Access StatusAccess this item via the Open Access location
Open Access at PMChttp://www.ncbi.nlm.nih.gov/pmc/articles/PMC3156904
C1 - Journal Articles Refereed
AIMS: Increased sympathetic tone in obstructive sleep apnoea results from recurrent episodes of systemic hypoxia and hypercapnia and might be an important contributor to the development of cardiovascular disease. In this study, we re-evaluated the role of a specific population of sympathoexcitatory catecholaminergic C1 neurones of the rostral ventrolateral medulla oblongata in the control of sympathetic vasomotor tone, arterial blood pressure, and hypercapnia-evoked sympathetic and cardiovascular responses. METHODS AND RESULTS: In anaesthetized rats in vivo and perfused rat working heart brainstem preparations in situ, C1 neurones were acutely silenced by application of the insect peptide allatostatin following cell-specific targeting with a lentiviral vector to express the inhibitory Drosophila allatostatin receptor. In anaesthetized rats with denervated peripheral chemoreceptors, acute inhibition of 50% of the C1 neuronal population resulted in ∼50% reduction in renal sympathetic nerve activity and a profound fall in arterial blood pressure (by ∼25 mmHg).
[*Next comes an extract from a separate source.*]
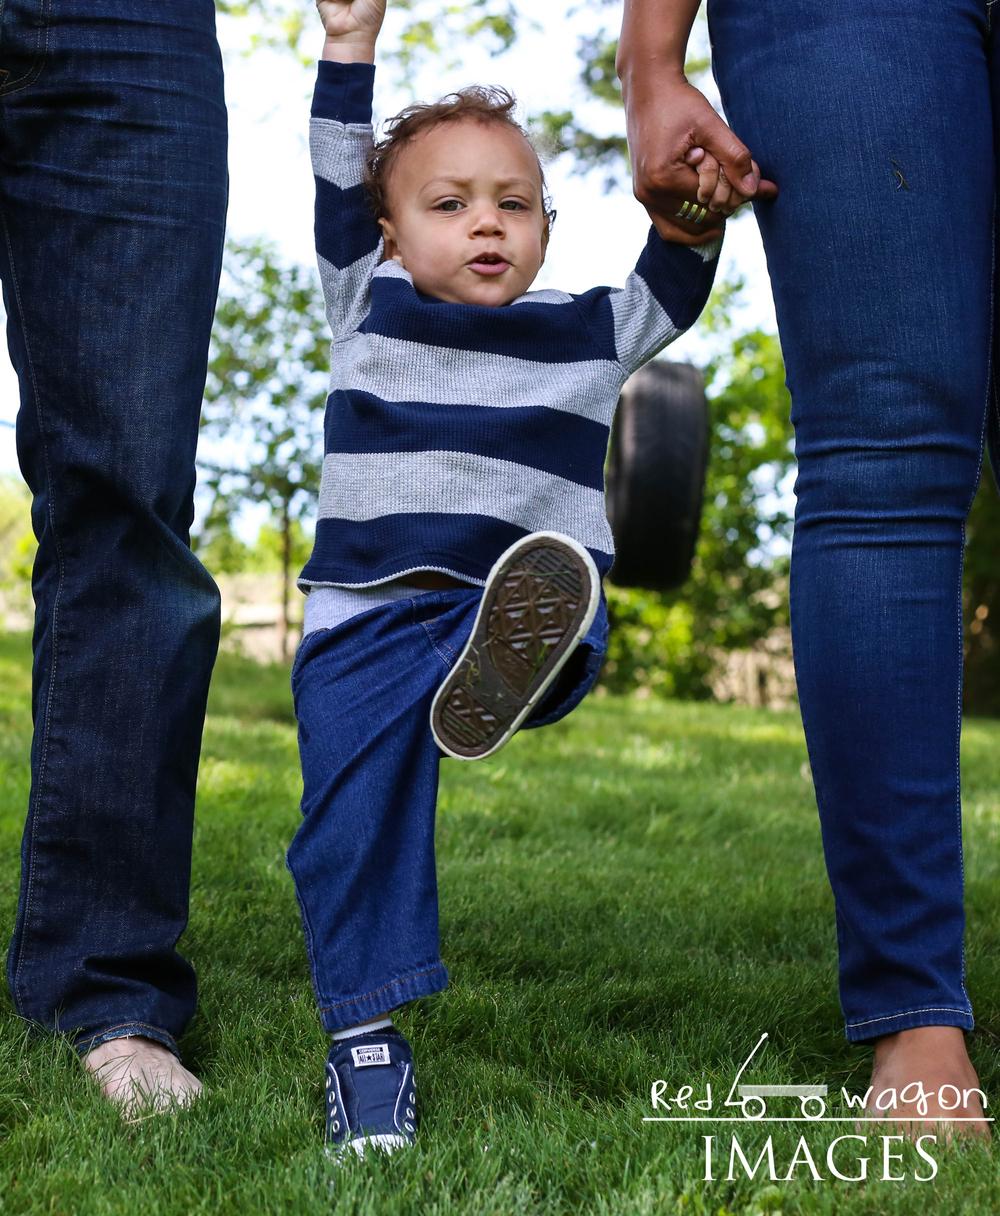 bostonfamilyphotography1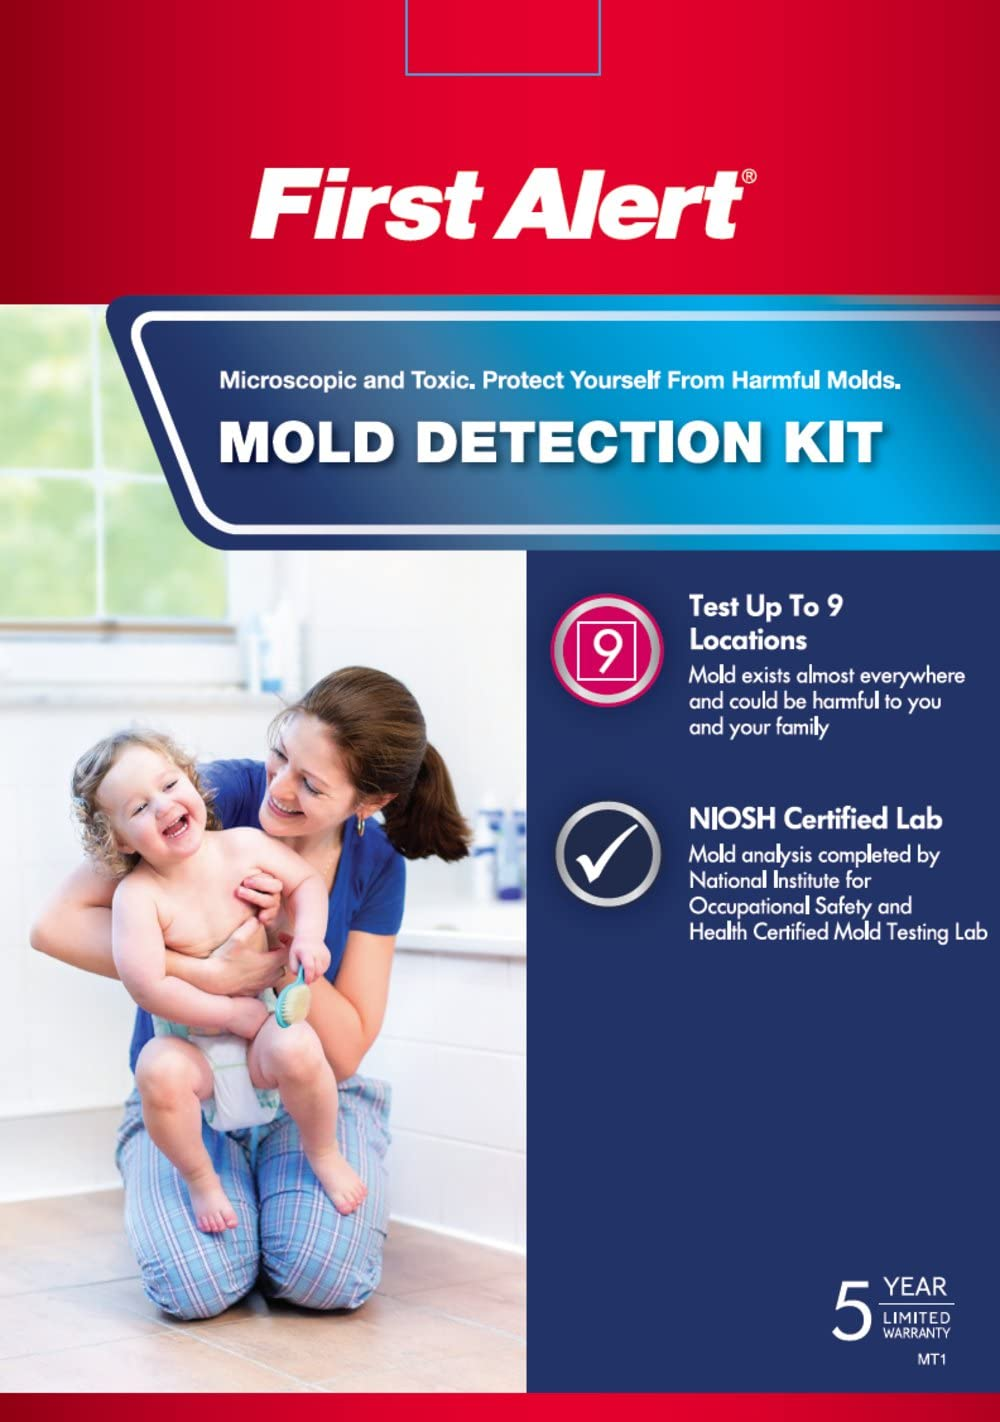 First Alert MT1 Mold Detection Kit - Mold Test Kit -

However, under these conditions systemic hypercapnia still evoked vigorous sympathetic activation and the slopes of the CO(2)-evoked sympathoexcitatory and cardiovascular responses were not affected by inhibition of C1 neurones. Inhibition of C1 neurones in situ resulted in a reversible fall in perfusion pressure and the amplitude of respiratory-related bursts of thoracic sympathetic nerve activity. CONCLUSION: These data confirm a fundamental physiological role of medullary catecholaminergic C1 neurones in maintaining resting sympathetic vasomotor tone and arterial blood pressure. However, C1 neurones do not appear to mediate sympathoexcitation evoked by central actions of CO(2).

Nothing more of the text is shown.